From mboxrd@z Thu Jan  1 00:00:00 1970
Return-Path: <pdm-devel-bounces@lists.proxmox.com>
Received: from firstgate.proxmox.com (firstgate.proxmox.com [IPv6:2a01:7e0:0:424::9])
	by lore.proxmox.com (Postfix) with ESMTPS id EF9C41FF165
	for <inbox@lore.proxmox.com>; Wed, 12 Feb 2025 14:59:33 +0100 (CET)
Received: from firstgate.proxmox.com (localhost [127.0.0.1])

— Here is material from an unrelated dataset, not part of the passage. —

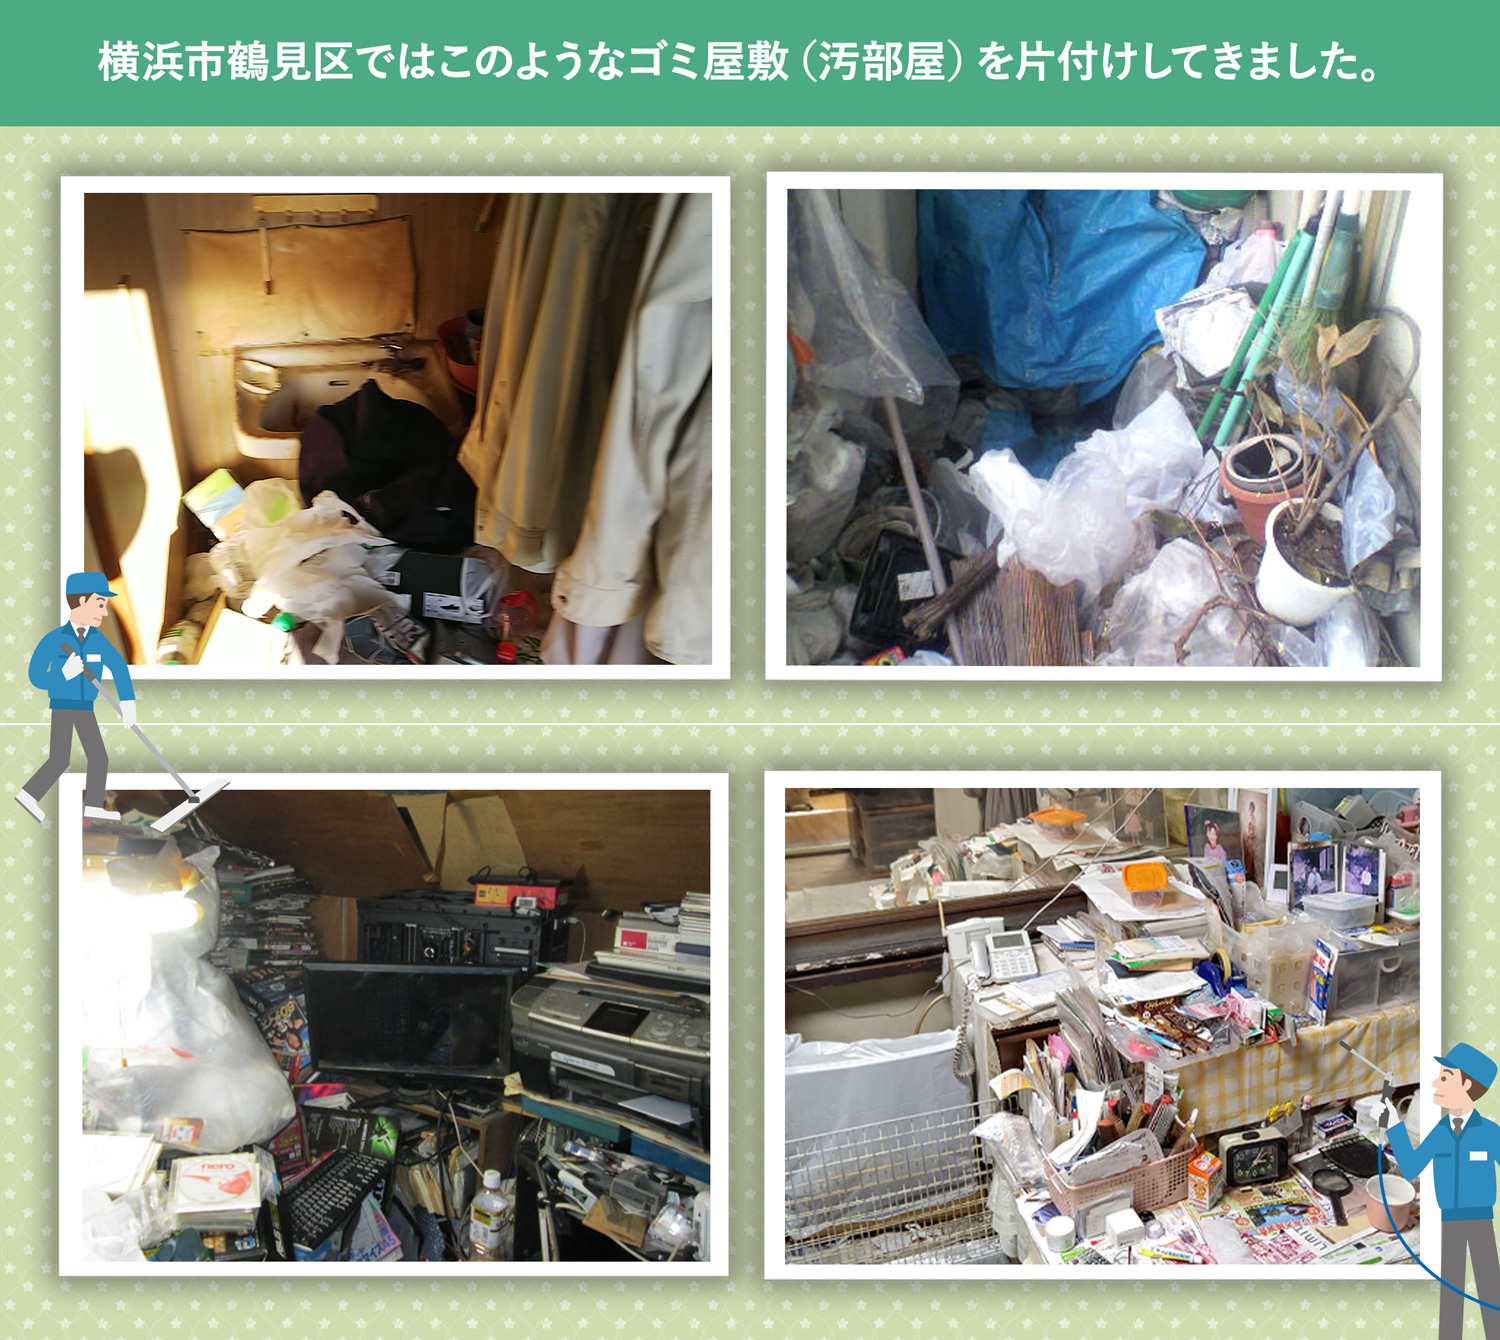 横浜市鶴見区で行ったで行ったごみ屋敷・汚部屋の片付けの一例

	by firstgate.proxmox.com (Proxmox) with ESMTP id 15C9E16DCE;
	Wed, 12 Feb 2025 14:59:31 +0100 (CET)
Date: Wed, 12 Feb 2025 14:59:26 +0100
From: Wolfgang Bumiller <w.bumiller@proxmox.com>
To: Lukas Wagner <l.wagner@proxmox.com>
Message-ID: <wbsa6av3miycxsalv2eopo5u7l53kfrqz6ug5ceoy3ikjr35op@krhgfeqoccem>
References: <20250211120541.163621-1-l.wagner@proxmox.com>
 <20250211120541.163621-7-l.wagner@proxmox.com>
MIME-Version: 1.0
Content-Disposition: inline
In-Reply-To: <20250211120541.163621-7-l.wagner@proxmox.com>
X-SPAM-LEVEL: Spam detection results:  0
 AWL 0.083 Adjusted score from AWL reputation of From: address
 BAYES_00                 -1.9 Bayes spam probability is 0 to 1%
 DMARC_MISSING             0.1 Missing DMARC policy
 KAM_DMARC_STATUS 0.01 Test Rule for DKIM or SPF Failure with Strict Alignment
 SPF_HELO_NONE           0.001 SPF: HELO does not publish an SPF Record
 SPF_PASS               -0.001 SPF: sender matches SPF record
Subject: Re: [pdm-devel] [PATCH proxmox-datacenter-manager 06/25] metric
 collection: save metric data to RRD in separate task
X-BeenThere: pdm-devel@lists.proxmox.com
X-Mailman-Version: 2.1.29
Precedence: list
List-Id: Proxmox Datacenter Manager development discussion
 <pdm-devel.lists.proxmox.com>
List-Unsubscribe: <https://lists.proxmox.com/cgi-bin/mailman/options/pdm-devel>, 
 <mailto:pdm-devel-request@lists.proxmox.com?subject=unsubscribe>
List-Archive: <http://lists.proxmox.com/pipermail/pdm-devel/>
List-Post: <mailto:pdm-devel@lists.proxmox.com>
List-Help: <mailto:pdm-devel-request@lists.proxmox.com?subject=help>
List-Subscribe: <https://lists.proxmox.com/cgi-bin/mailman/listinfo/pdm-devel>, 
 <mailto:pdm-devel-request@lists.proxmox.com?subject=subscribe>
Reply-To: Proxmox Datacenter Manager development discussion
 <pdm-devel@lists.proxmox.com>
Cc: pdm-devel@lists.proxmox.com
Content-Type: text/plain; charset="us-ascii"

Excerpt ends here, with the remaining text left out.